Начало произведения    II    III    IV    V    VI    VII

>> след. >>

     Ги де Мопассан. Наследство
     
     Из сборника "Мисс Гарриет"
     
     -------------------------------------------------------------------
     Ги де Мопассан. Собрание сочинений в 10 тт. Том 3. МП "Аурика", 1994
     Перевод Л. Коган
     Примечания Ю. Данилина
     Ocr Longsoft , март 2007
     -------------------------------------------------------------------
     
     
     Катюлю Мендесу.
     
     
     I
     
     
     Еще не было десяти, а чиновники, торопливо, стекавшиеся со всех концов Парижа, вливались потоком в широкий подъезд Морского министерства: был канун Нового года — пора необычайного усердия и повышений по службе.

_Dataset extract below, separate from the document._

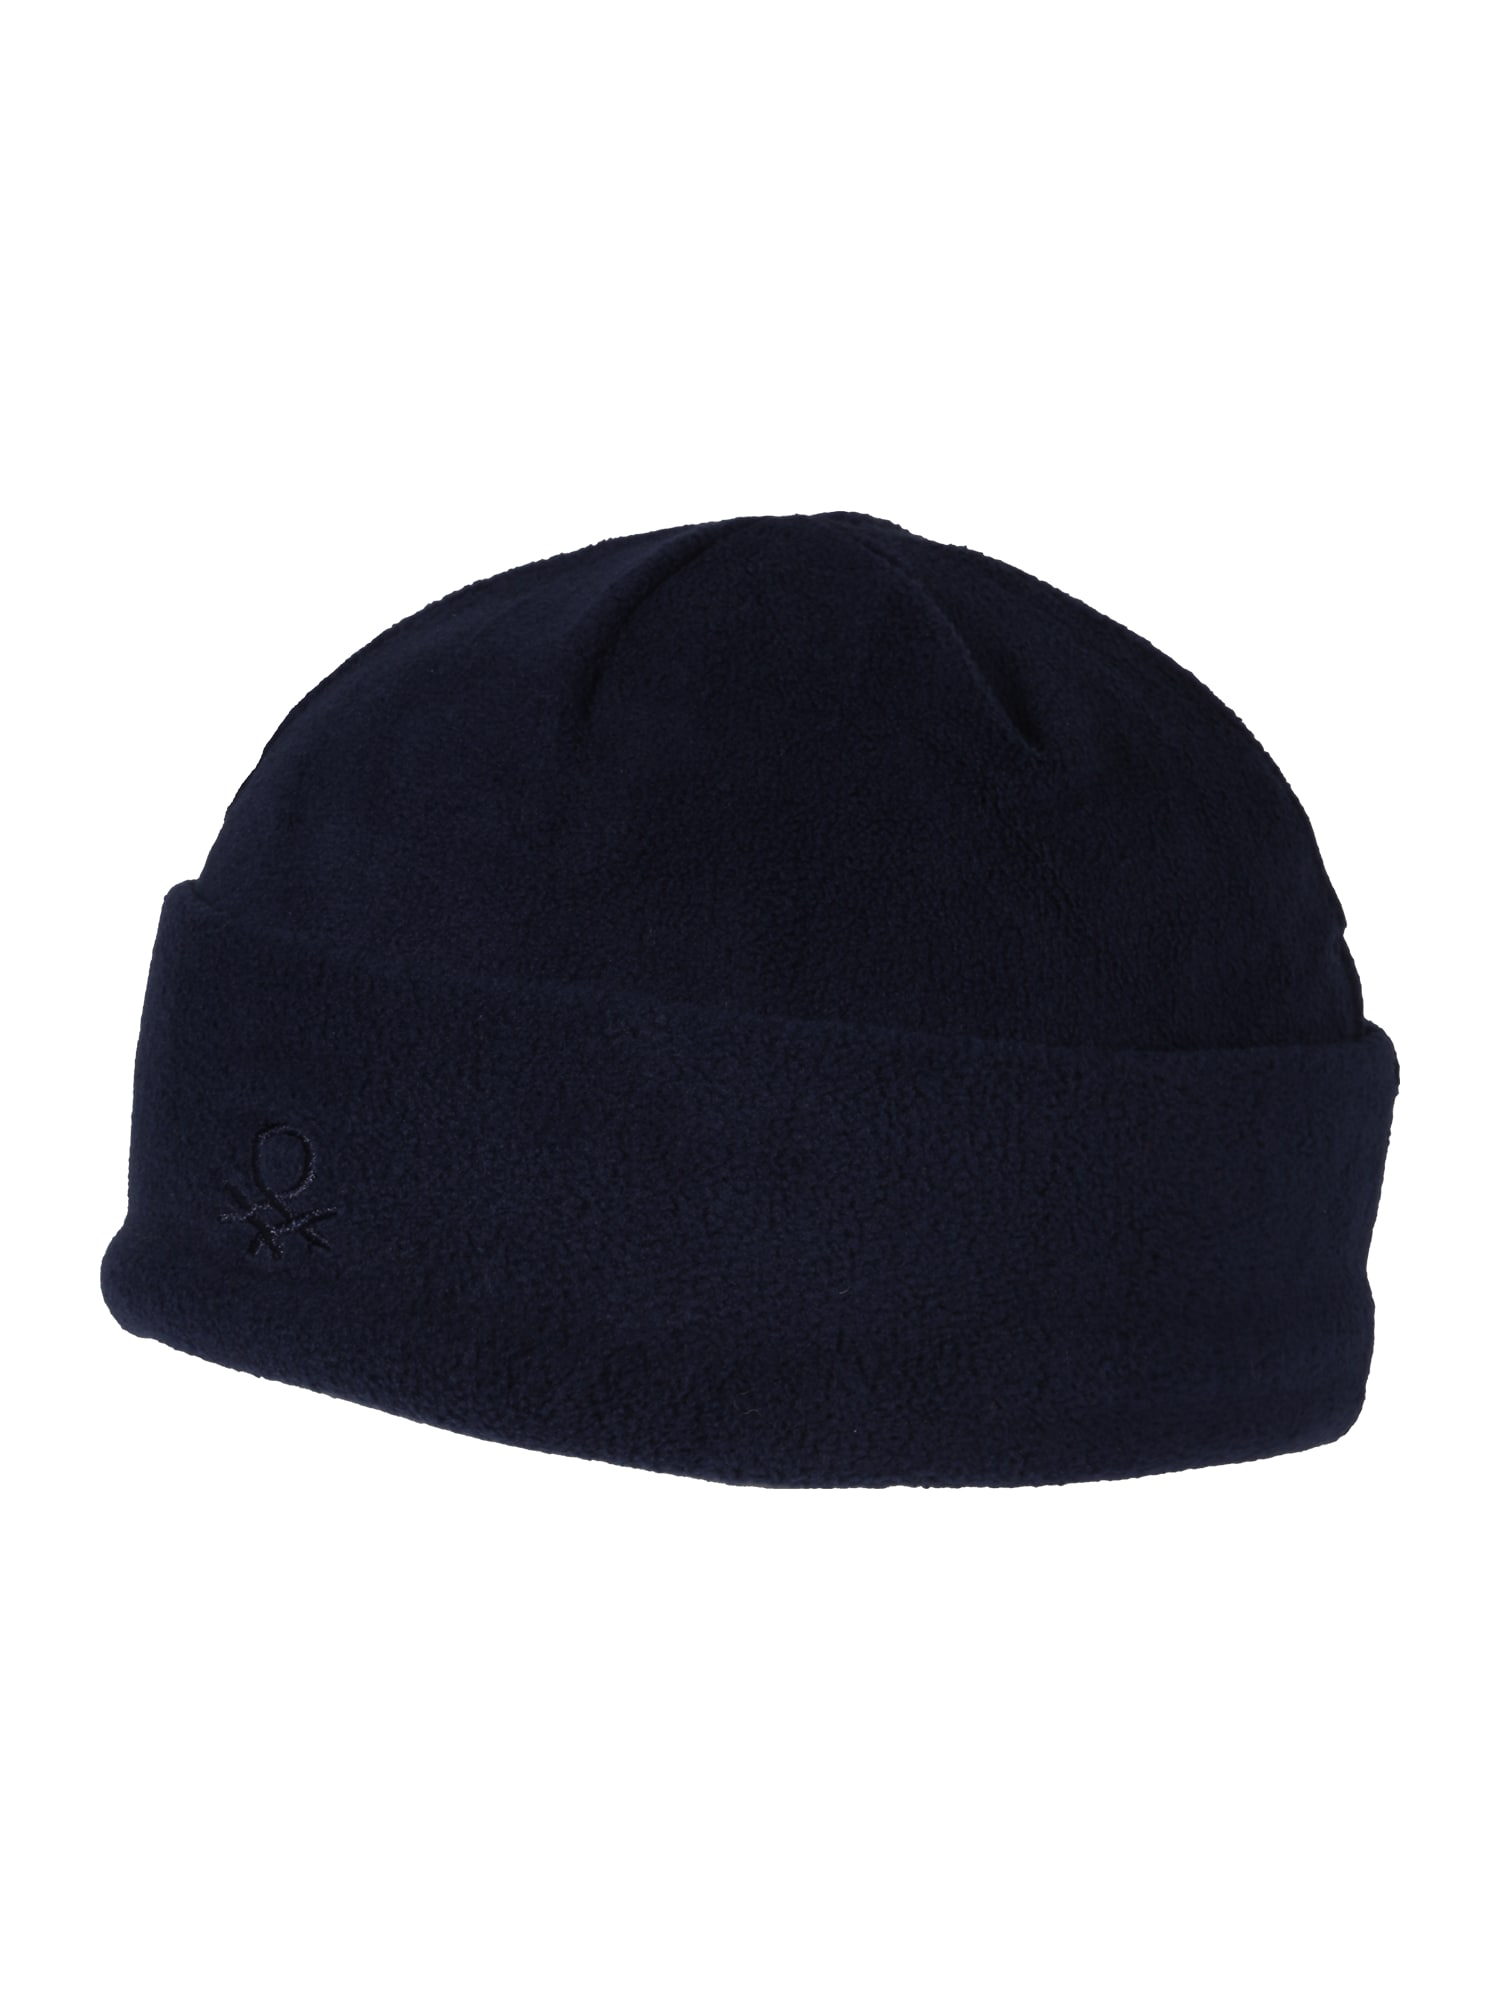 UNITED COLORS OF BENETTON Megzta kepurė tamsiai mėlyna jūros spalva

Поспешный топот разносился по обширному зданию, пересеченному лабиринтом длинных и путаных коридоров, куда выходили двери бесчисленных отделов.
     Чиновники расходились по своим местам, пожимали руки явившимся ранее сослуживцам, снимали новый сюртук, надевали для работы старый и усаживались за столы, где каждого ждала груда бумаг. Затем отправлялись за новостями в соседние отделы. Прежде всего справлялись, здесь ли начальник, в каком он расположении духа, много ли прибыло почты.
     Регистратор "отдела материальной части" г-н Сезар Кашлен, бывший сержант морской пехоты, по выслуге лет ожидавший производства в старшие регистраторы, одну за другой заносил в огромную книгу бумаги, только что принесенные рассыльным из кабинета начальника. Против него сидел экспедитор — папаша Савон, выживший из ума старик, прославившийся на все министерство невзгодами своей супружеской жизни. Скрючившись и окаменев на стуле, как подобает усердному писцу, он искоса заглядывал в лежавшую рядом бумагу и, неторопливо водя пером, тщательно переписывал депешу начальника.
     Г-н Кашлен, тучный мужчина с подстриженными ежиком седыми волосами, сказал, не прерывая работы:
      — Тридцать две депеши из Тулона. Они присылают столько, сколько другие четыре порта, вместе взятые.
     Затем, обратясь к папаше Савону, он спросил, как делал это каждое утро:
      — Ну-с, папаша Савон, как супруга?
     Продолжая водить пером, старик ответил:
      — Вы же знаете, господин Кашлен, как мне тяжело об этом говорить.
     Регистратор рассмеялся, как смеялся каждое утро, слыша один и тот же ответ.
     Дверь отворилась, и вошел Маз, красивый, щеголевато одетый брюнет, полагавший, что занимаемое им убогое служебное положение не достойно его превосходной внешности и манер. Он носил массивные перстни, массивную часовую цепь, монокль — больше из франтовства, так как снимал его за работой — и то и дело встряхивал манжетами, стараясь выставить напоказ крупные сверкающие запонки.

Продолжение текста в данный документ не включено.